Sometimes it’s almost impossible to understand things people do and why.
These may be actions taken or even glaring omissions. Some behavior just seems unforgivable.
When you glimpse inside most families many such events are often visible. But sadly, equally incomprehensible behavior is often present in the workplace, too.
The more shocking or radical the act, the more important it is to understand and/or correct.
Many times our superficial observations offer insufficient clues. And worse, reports and surrounding insights available do little to explain an event or illuminate its root cause.
When I’ve run into such circumstances in the past I’ve always found one piece of homespun wisdom invaluable in getting me to the heart of the matter.
Many years ago I learned the expression, “All bad behavior is based in insecurity.” I originally heard this from a seasoned manager. I’ve never really convinced myself of its true origins; but no matter.
Perhaps you have seen more recent, interesting variations and derivatives of this theme:
- “The hallmark of insecurity is bravado”
Brandon Sanderson
- “Most bad behavior comes from insecurity”
Debra Winger
- “I’m interested in the fact that the less secure a man is, the more likely he is to have extreme prejudice”
Clint Eastwood
I still prefer my original version when I’m faced with insufficient facts to explain unfortunate events. It causes me to look from a different angle and quickly perceive the likely root of bad behavior on display.

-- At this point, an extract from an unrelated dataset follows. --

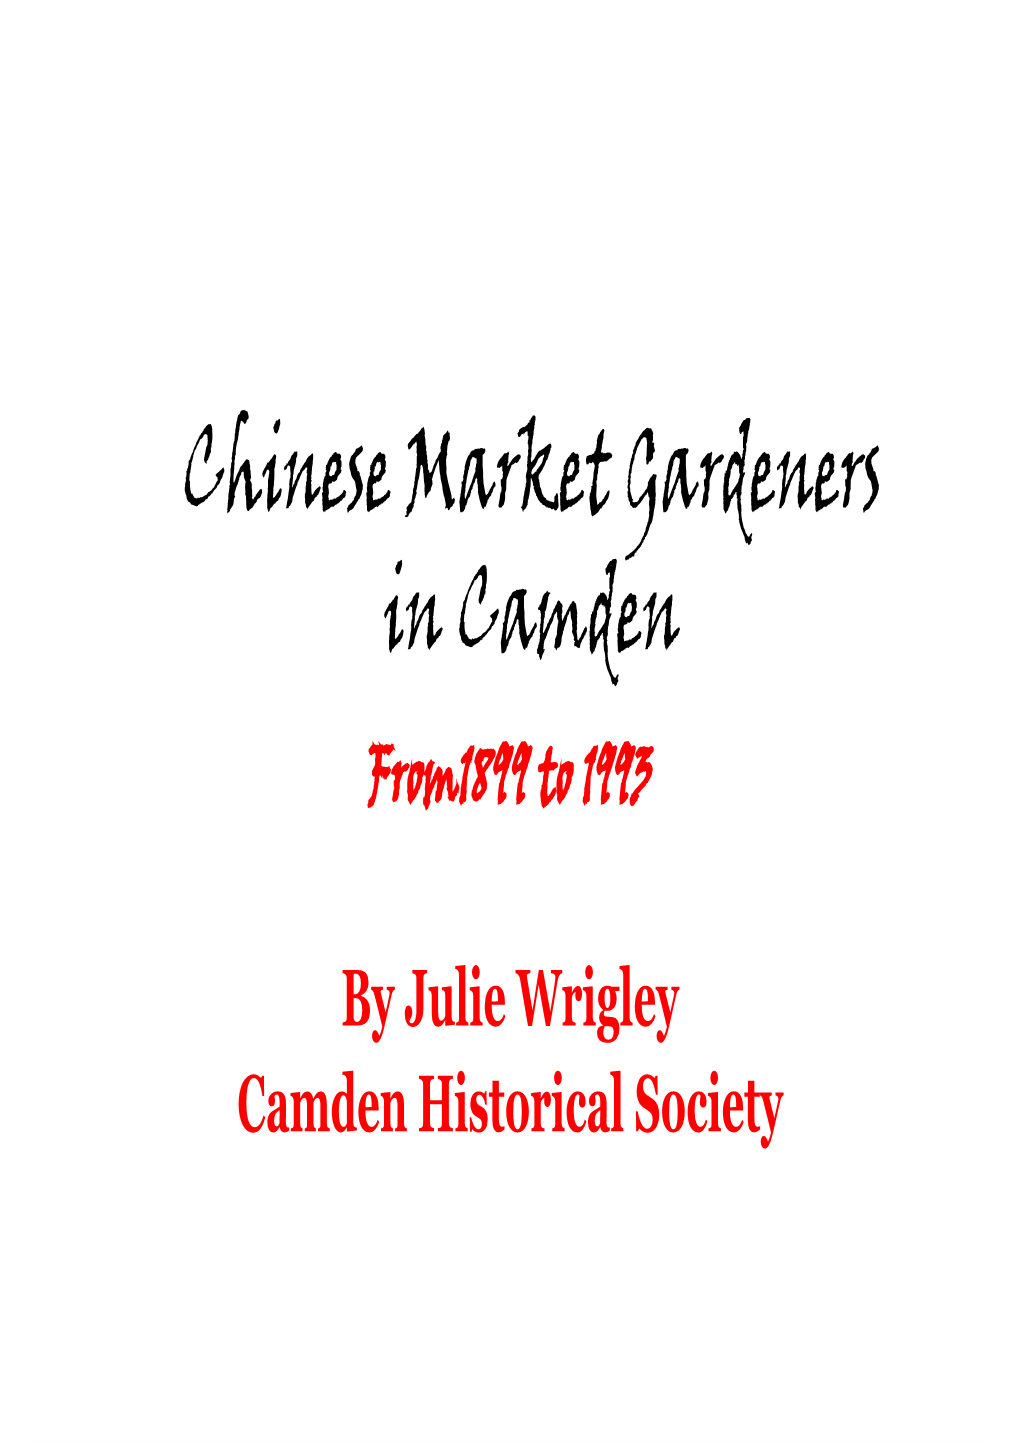 Chinese Market Gardeners in Camden From1899 to 1993

All people have insecurities. It is the nature of being human.
So inevitably, we should expect everyone will exhibit bad behavior eventually.
When an individual makes such an exhibition (or alternatively fails to take proper and expected action) their insecurities are invariably on show.
If you approach deciphering a confusing behavior with this in mind it will cause you to ask:
- “What is the insecurity that explains this person’s action?”
Likely candidates invariably spring to mind, even more so the greater your existing knowledge of the individual.
The worse the behavior, the more glaring is the insecurity. Just step back and look. Once you spot the insecurity past events are explained and future sensitivities can be managed.
Understanding someone’s problems enhances your ability to empathize and provide practical support if it’s required. At the very least your enhanced awareness allows you to better adjust your own relationship appropriately and advise/guide others.